■ Task details ■
Pictures do not belong in your copy. Repeat all the other data exactly.

■ Dataset excerpt ■
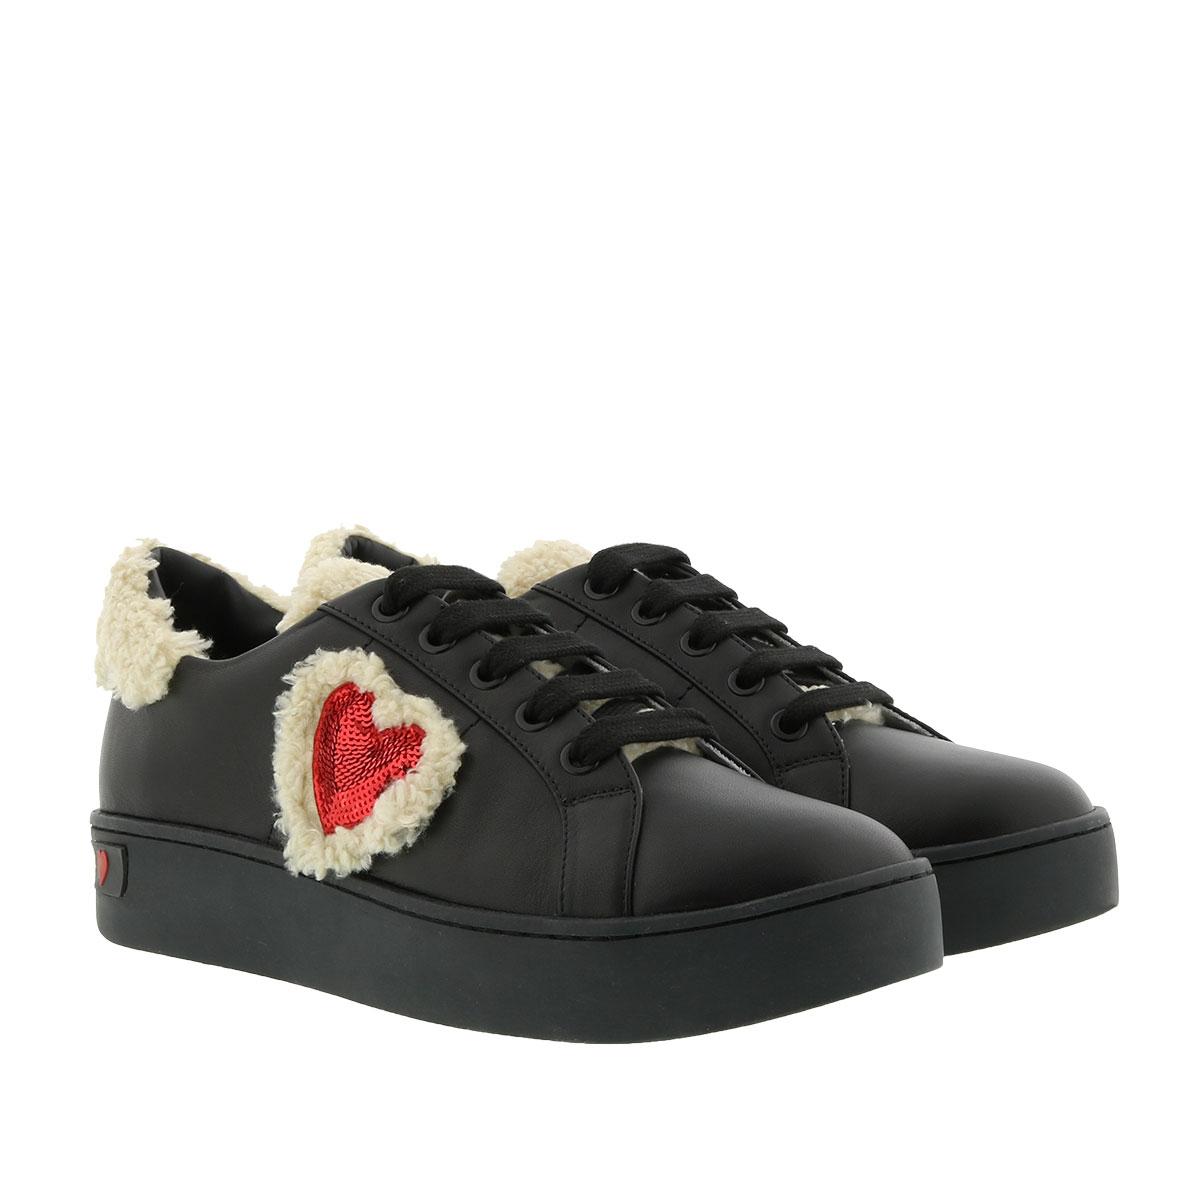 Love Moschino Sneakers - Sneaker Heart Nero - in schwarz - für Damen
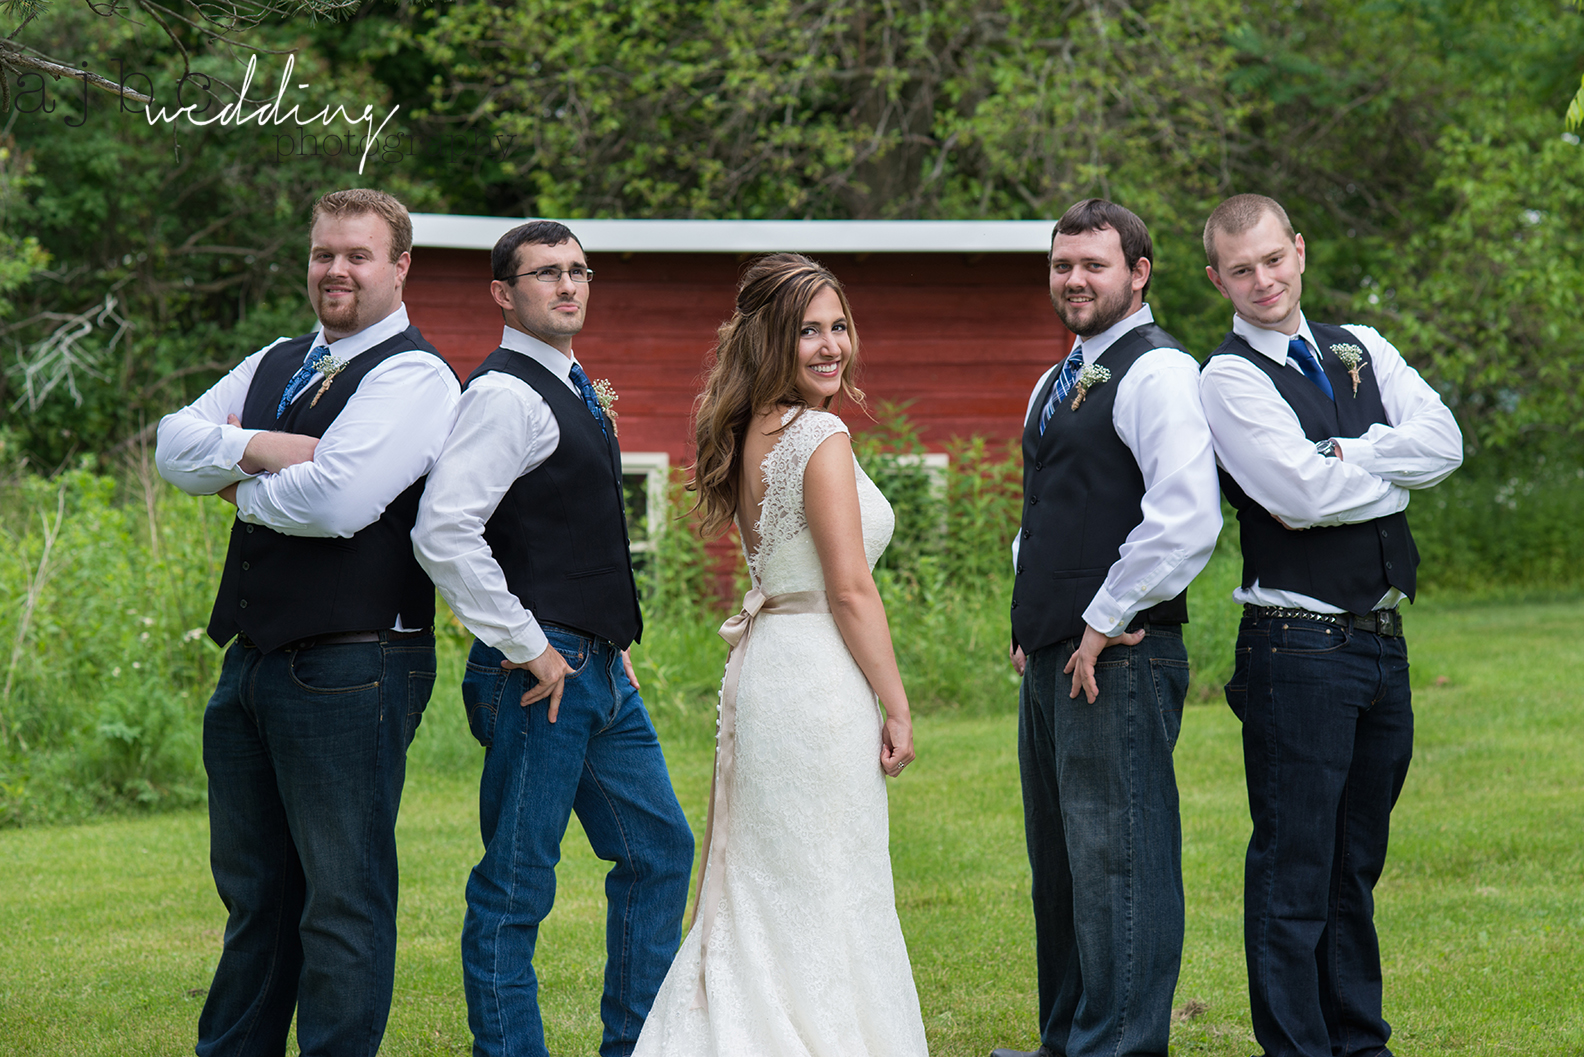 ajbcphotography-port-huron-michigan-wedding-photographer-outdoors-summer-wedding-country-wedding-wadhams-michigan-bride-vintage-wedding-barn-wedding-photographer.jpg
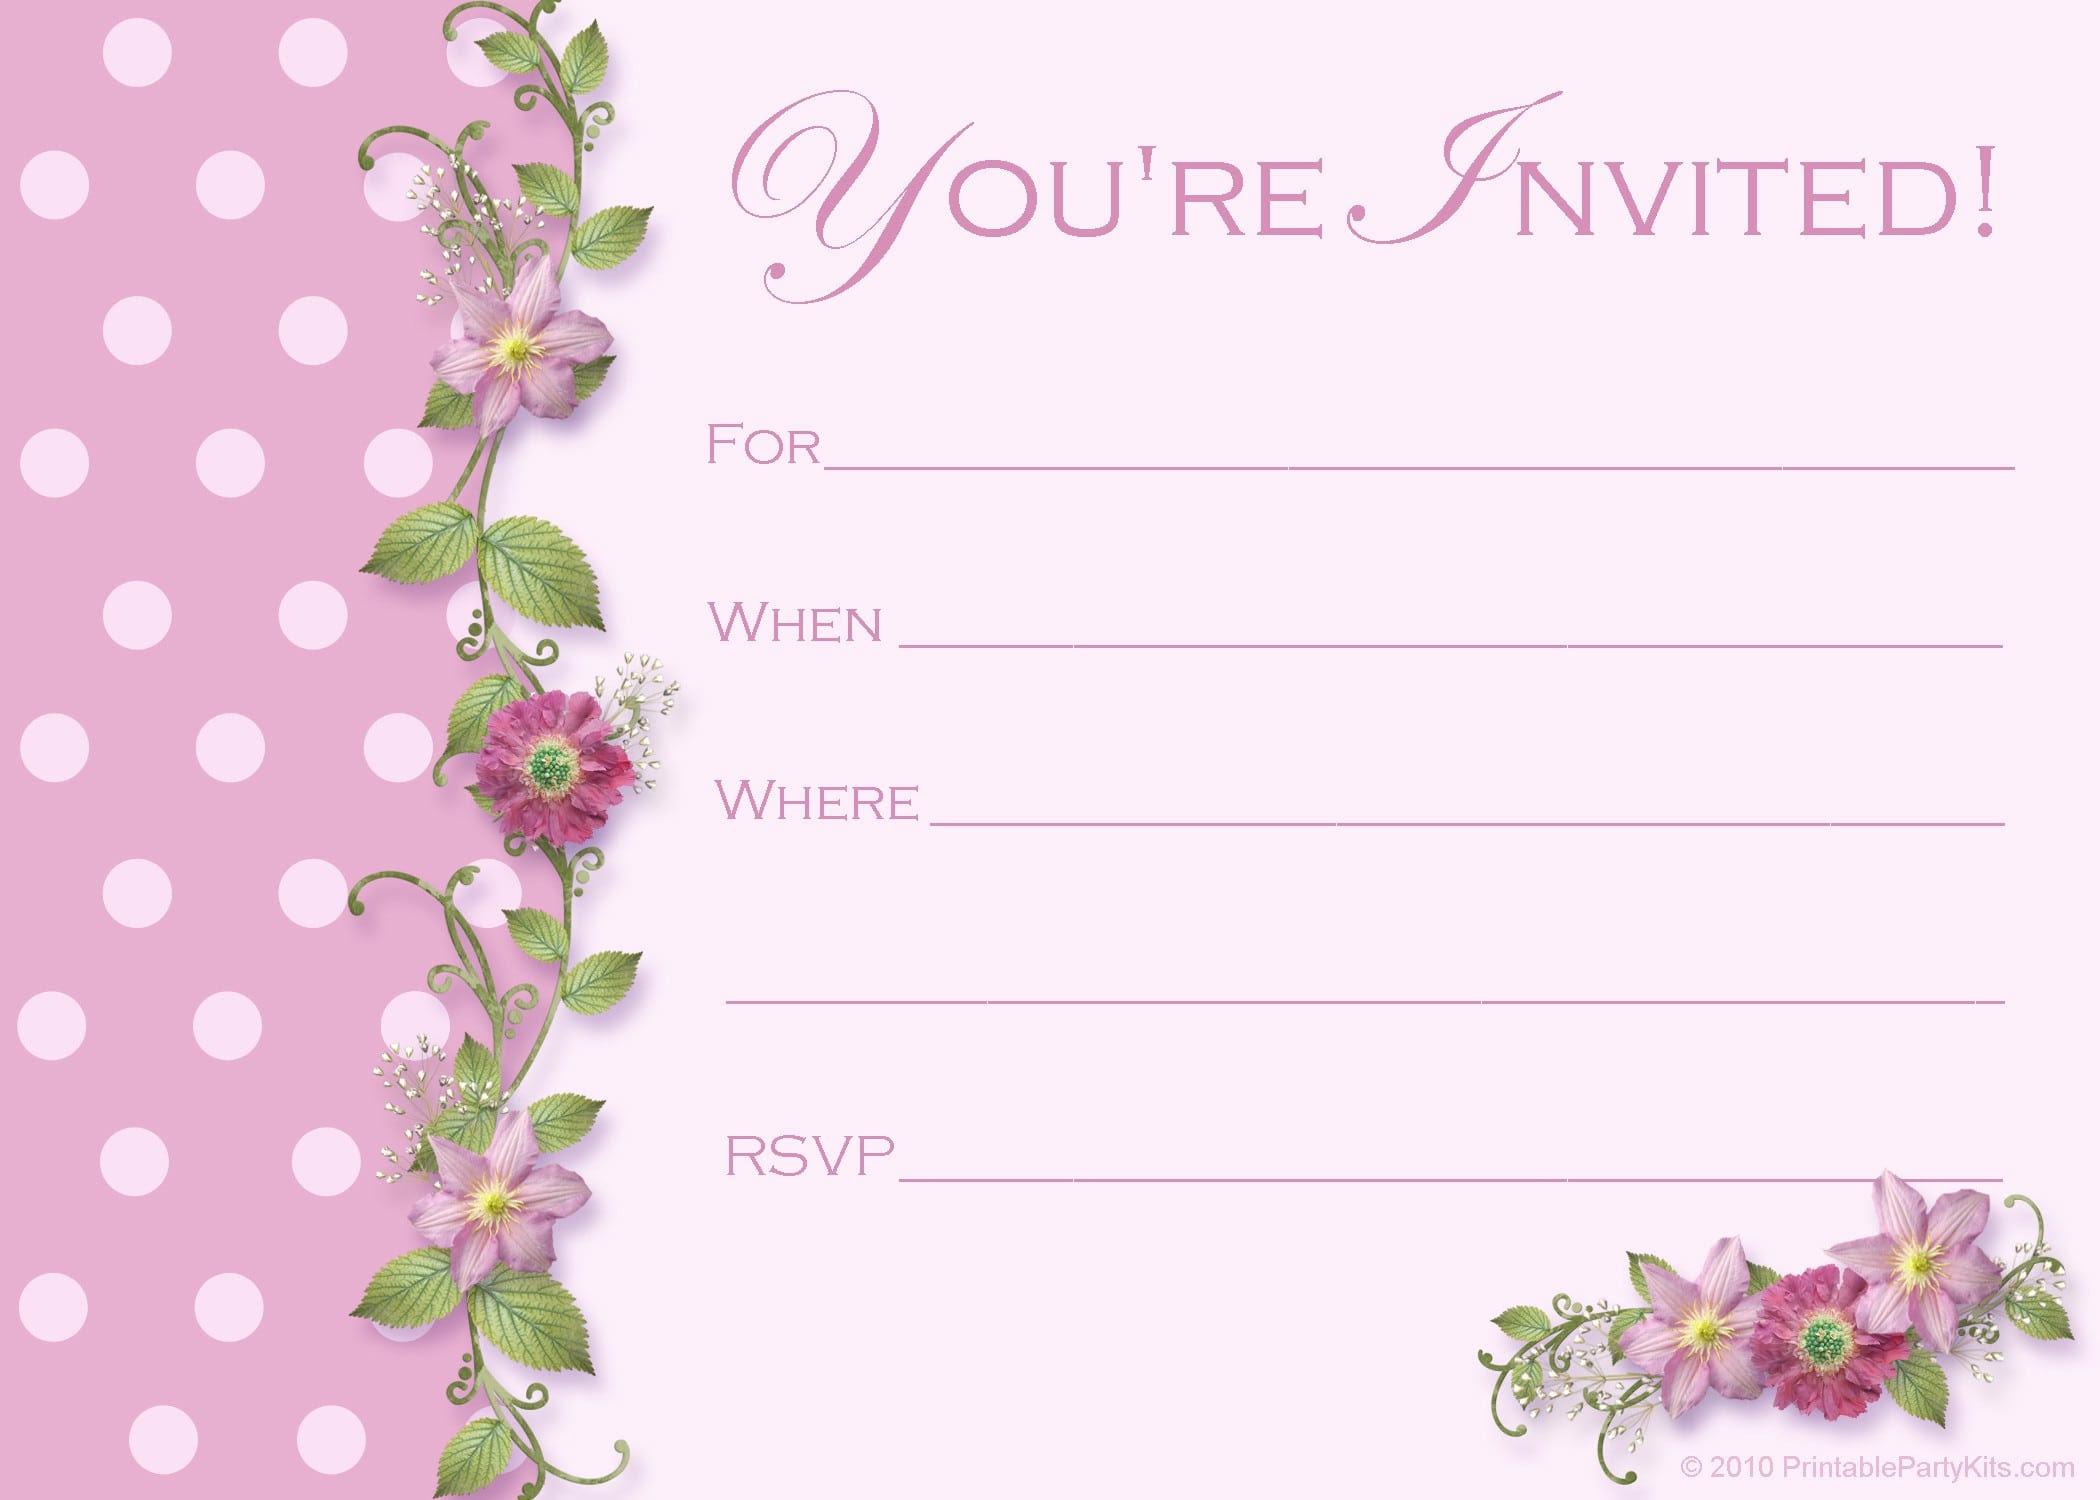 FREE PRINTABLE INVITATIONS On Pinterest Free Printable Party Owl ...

■ Output of the exercise ■
 Love Moschino Sneakers - Sneaker Heart Nero - in schwarz - für Damen
 ajbcphotography-port-huron-michigan-wedding-photographer-outdoors-summer-wedding-country-wedding-wadhams-michigan-bride-vintage-wedding-barn-wedding-photographer.jpg
 FREE PRINTABLE INVITATIONS On Pinterest Free Printable Party Owl ...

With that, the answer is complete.